A More Meaningful Mother’s Day

It’s my first Mother’s day as a mother today. It’s surreal almost – I have a six week old son and I am a mom! I’ve been reflecting on this today and thinking about how it’s changed my life.

I’m still the same me, really. I still like to cook, to write, and even though I’m taking some time off to enjoy these first few months full time, I’m also looking ahead to going back to work on the web. So I’d say I’m the same person, but my life has expanded to include this little fellow. We’re learning all about each other – I’m teaching him about the world and he’s teaching me how to be a mom.

sleeping baby six weeks old

I feel things more intensely now: happier when he lets out a little squeal, sadder when he cries at night, more paranoid when the guy combing through a dumpster approaches me to peer in the stroller. I’m also incredibly proud of my baby – I can only imagine how the range of emotions will increase as he grows into a little boy and then a man.

baby looking at toys

One of the other things I have noticed is an even bigger appreciation for my own mom. I know her even better now, all that she went through raising me from a little lump of a baby to the person I am today. Last week we parked ourselves on the couch while I tended to feeding my little guy, she took care of feeding me, making a huge healthy salad and bringing movies to entertain us as we passed the baby back and forth.

mothers day baby

mothers day baby

It never ends, she said, smiling, and I can understand that now: the love and worry and joy, all the ups and downs of parenthood last even as your kids become adults and start having their own kids. It’s not easy, but it is fulfilling in a way that I never realized or truly imagined. It changes me and it changes everything.

Happy Mother’s day to all of the mamas out there – especially mine!

The more things change

There have been a lot of changes around here lately. I was expecting it and yet I’m still in awe of how different I feel. My life remains the same, mostly, but time is flying by as I learn about how to feed, burp, change, and worry. I’m becoming a parent and it’s changing my outlook on life, ever so slightly, forever.

This stage of life is all I ever wanted and more. I’m trying so hard to enjoy the stolen moments: the shape of my baby’s downy head against my arm during a midnight feeding, watching him gaze up intently and adoringly at his dad, and hearing the little squeaks of happiness he’s starting to make.

And my friends: I have lots of great, strong women that I’m lucky enough to call my friends who are going through these same ups and downs now. We used to get together for cocktails, gossiping about boys, catching up on work stories, shopping for clothes. Now we happily chit chat about first smiles, sleeping through the night, and our big picture dreams for our children. I’m thankful my friends are there to reassure me and share advice while I’m in a sleep-deprived haze in these first few weeks.

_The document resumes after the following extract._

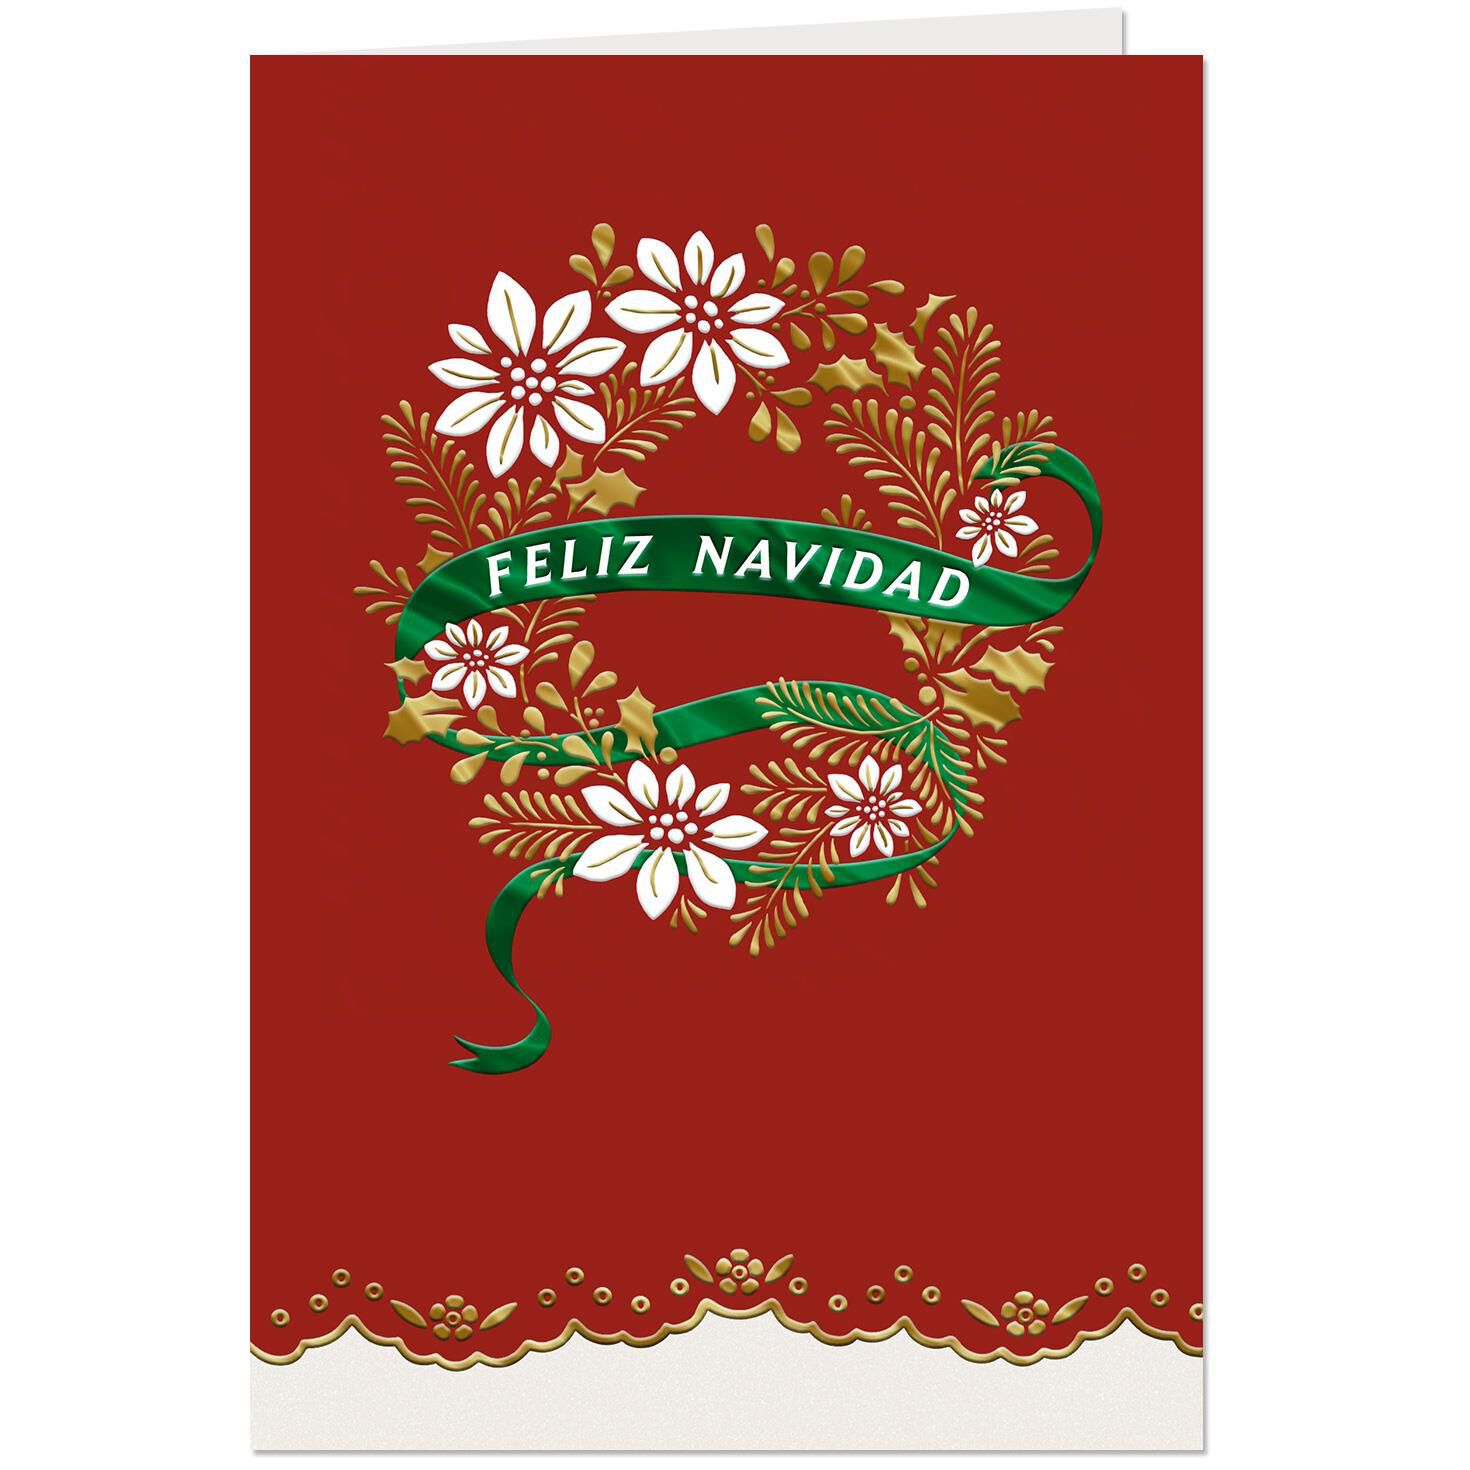 Feliz navidad wreath spanish language christmas card greeting feliz navidad wreath spanish language christmas card greeting cards hallmark m4hsunfo
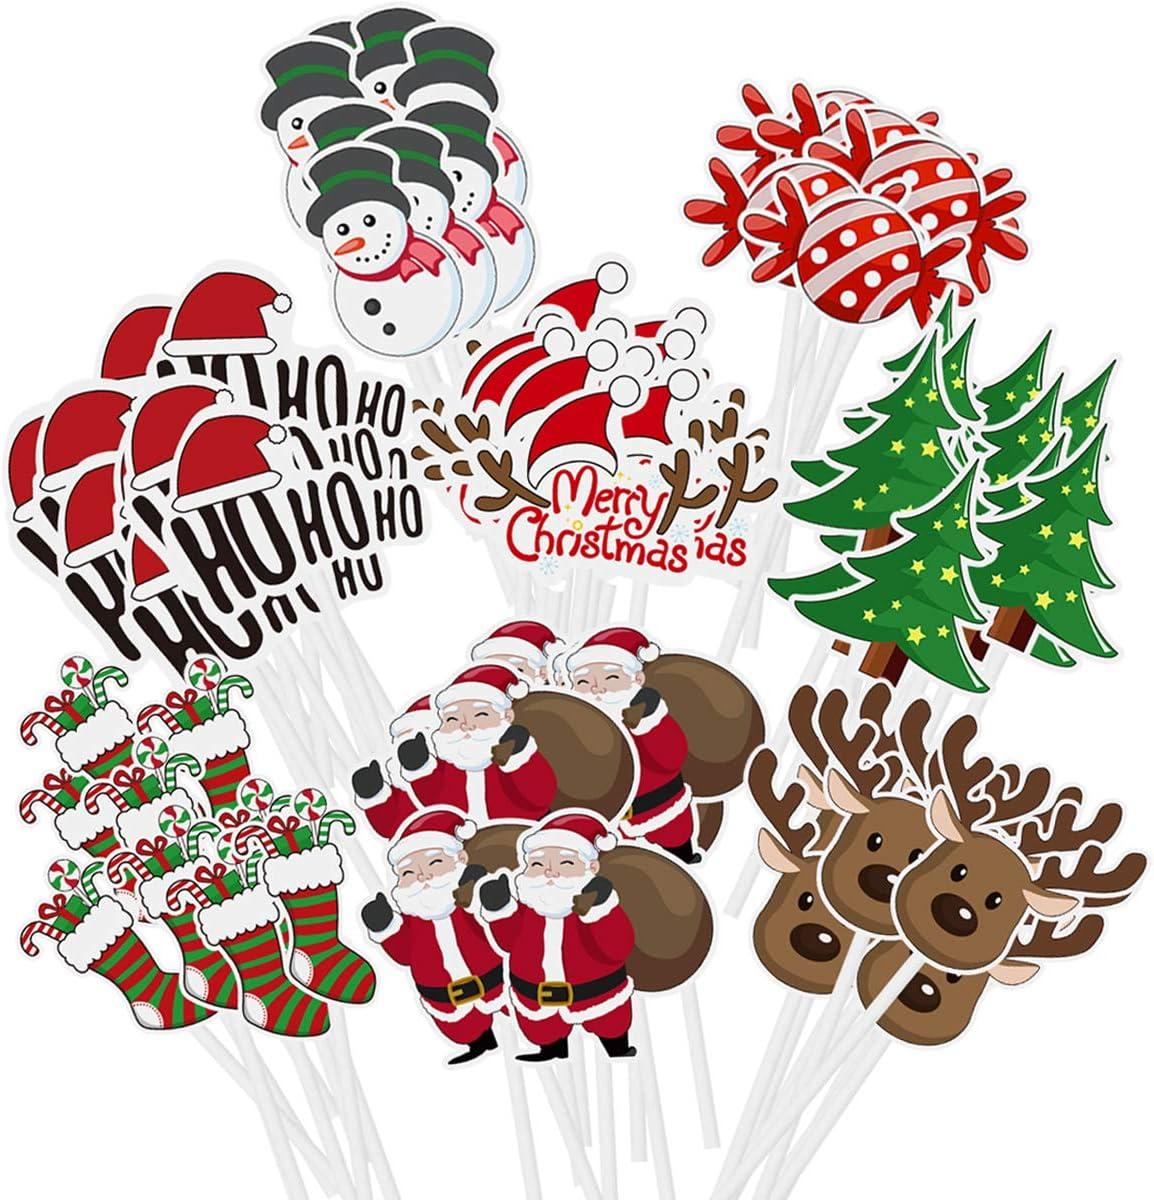 Amosfun 72PCS Christmas Cupcake Toppers Cake Decoration Santa Claus Tree Snowman Sock Candy Theme Party Cake Toppers Picks Christmas Decoration Supplies

I went for a walk this evening around my neighbourhood, the same walk I’ve done hundreds of times, Herman trotting by my side, and while I feel like the same person, taking step after step in last year’s shoes, I’m different. I’m mindful of the bumps in the sidewalk now as I guide my stroller across each one. I stop to adjust the sun hood and gaze for a moment at the trusting, curious look on my son’s face. It’s spring and I’m more aware than ever of new beginnings, the fresh air, the grass getting greener and plusher by the hour, and the trees starting to fill out with buds.

Ottawa spring time

Ottawa spring time

I can’t stop the change, and I’m welcoming it. I just hope I can enjoy the todays, hour by hour, before they zoom past.